Forum: Ruby Proximity searches in Ruby

Announcement (2017-05-07): www.ruby-forum.com is now read-only since I unfortunately do not have the time to support and maintain the forum any more. Please see rubyonrails.org/community and ruby-lang.org/en/community for other Rails- und Ruby-related community platforms.
Cf25fbf53c67e27d95845e77e949b56f?d=identicon&s=25 Stuart Clarke (sclarke)
on 2008-12-05 14:28
Does Ruby have the ability to perform proximity searches on data. For
example find the word "hello" and the word "world" within 10 words of
eachother and print out some data?

Thanks a lot
391f9b787cdc12aa2c179713f5103e3a?d=identicon&s=25 Ilan Berci (iberci)
on 2008-12-06 00:36
No proximity searches with 1.8.. you would need a full fledged text
search engine such as lucerne, sphinx for that type of capability

ilan


Stuart Clarke wrote:
> Does Ruby have the ability to perform proximity searches on data. For
> example find the word "hello" and the word "world" within 10 words of
> eachother and print out some data?
>
> Thanks a lot
E0d864d9677f3c1482a20152b7cac0e2?d=identicon&s=25 Robert Klemme (Guest)
on 2008-12-06 13:25
(Received via mailing list)
On 06.12.2008 00:29, Ilan Berci wrote:
> No proximity searches with 1.8.. you would need a full fledged text
> search engine such as lucerne, sphinx for that type of capability

Or, depending on requirements (especially performance) cook your own.

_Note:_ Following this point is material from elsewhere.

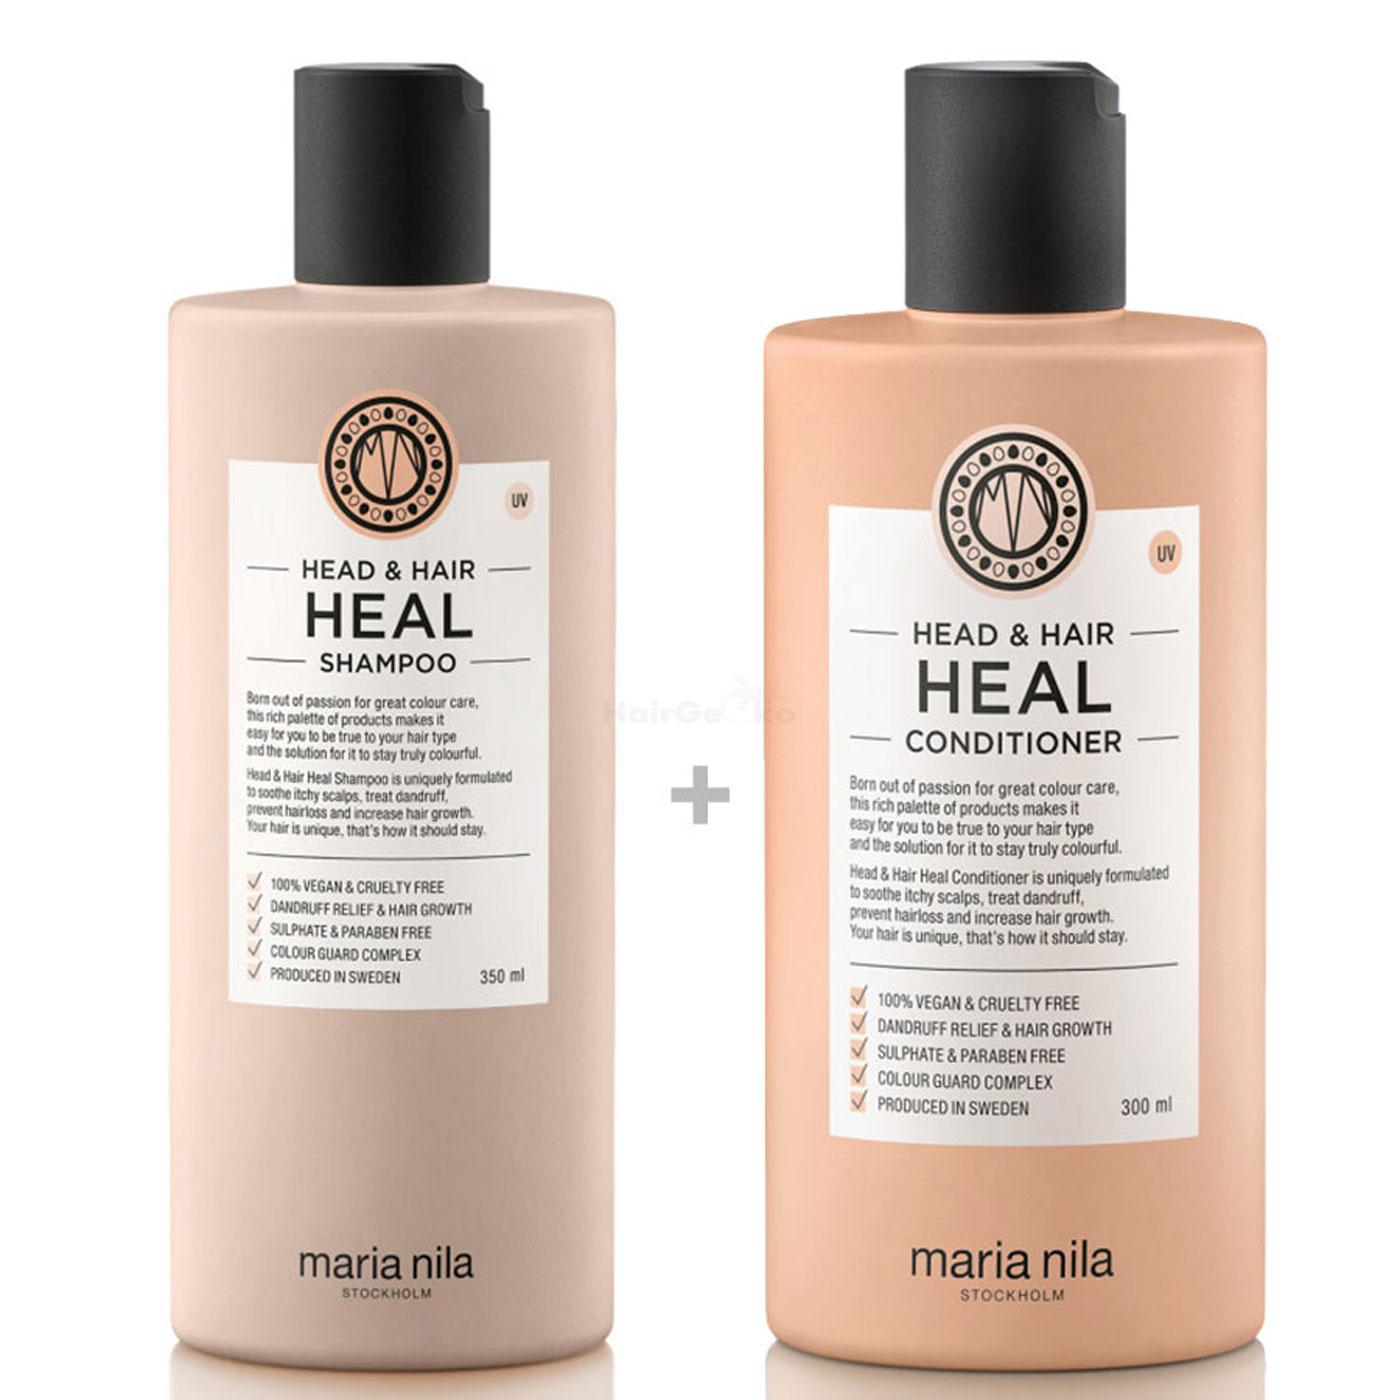 Maria Nila Head & Hair Heal Set - Shampoo 350 ml + Conditioner 300 ml

def proximity_search(text, distance, w1, w2)
   w1 = w1.downcase
   w2 = w2.downcase
   index1 = []
   index2 = []

   text.scan(/\w+/).each_with_index do |w,idx|
     case
       when w1 == w.downcase
         index1 << idx
       when w2 == w.downcase
         index2 << idx
     end
   end

   found = false

   index1.each do |i1|
     index2.each do |i2|
       if (i1 - i2).abs <= distance
         found = true
         yield i1, i2 if block_given?
       end
     end
   end

   found
end

text = <<EOT
Hello world, how are you today? I said "Hello"
to the other guy but he would not answer although
all the world could hear me.
EOT

proximity_search text, 3, "hello", "World" do |a,b|
   printf "Found at positions %3d and %3d\n", a, b
end

p proximity_search(text, 3, "hello", "World")

Cheers

  robert
703fbc991fd63e0e1db54dca9ea31b53?d=identicon&s=25 Robert Dober (Guest)
on 2008-12-06 13:44
(Received via mailing list)
On Sat, Dec 6, 2008 at 1:18 PM, Robert Klemme
<shortcutter@googlemail.com> wrote:
Hmm
maybe you can scale this down

File::read("test.data").scan  %r{Hello.{0,10}World}im

Should work fine for reasonable file sizes ( < Available Memory )

HTH
Robert

--
Il computer non è una macchina intelligente che aiuta le persone
stupide, anzi, è una macchina stupida che funziona solo nelle mani
delle persone intelligenti.
Computers are not smart to help stupid people, rather they are stupid
and will work only if taken care of by smart people.

Umberto Eco
86e33dee4a89a8879a26487051c216a8?d=identicon&s=25 Michael Fellinger (Guest)
on 2008-12-06 14:13
(Received via mailing list)
> File::read("test.data").scan  %r{Hello.{0,10}World}im

That would be 10 characters

^ manveru
703fbc991fd63e0e1db54dca9ea31b53?d=identicon&s=25 Robert Dober (Guest)
on 2008-12-06 14:37
(Received via mailing list)
On Sat, Dec 6, 2008 at 2:06 PM, Michael Fellinger
<m.fellinger@gmail.com> wrote:
>> File::read("test.data").scan  %r{Hello.{0,10}World}im
>
> That would be 10 characters
Huh??
cat test.data && echo "=============================" && cat scan.rb
&& ./scan.rb
Hello World hello **
* world


hello do not find this world
=============================
#!/usr/local/bin/ruby
# vim: sw=2 ts=2 ft=ruby expandtab tw=0 nu syn=on:
# file: scan.rb

p File::read("test.data").scan(  %r<Hello.{0,10}World>im )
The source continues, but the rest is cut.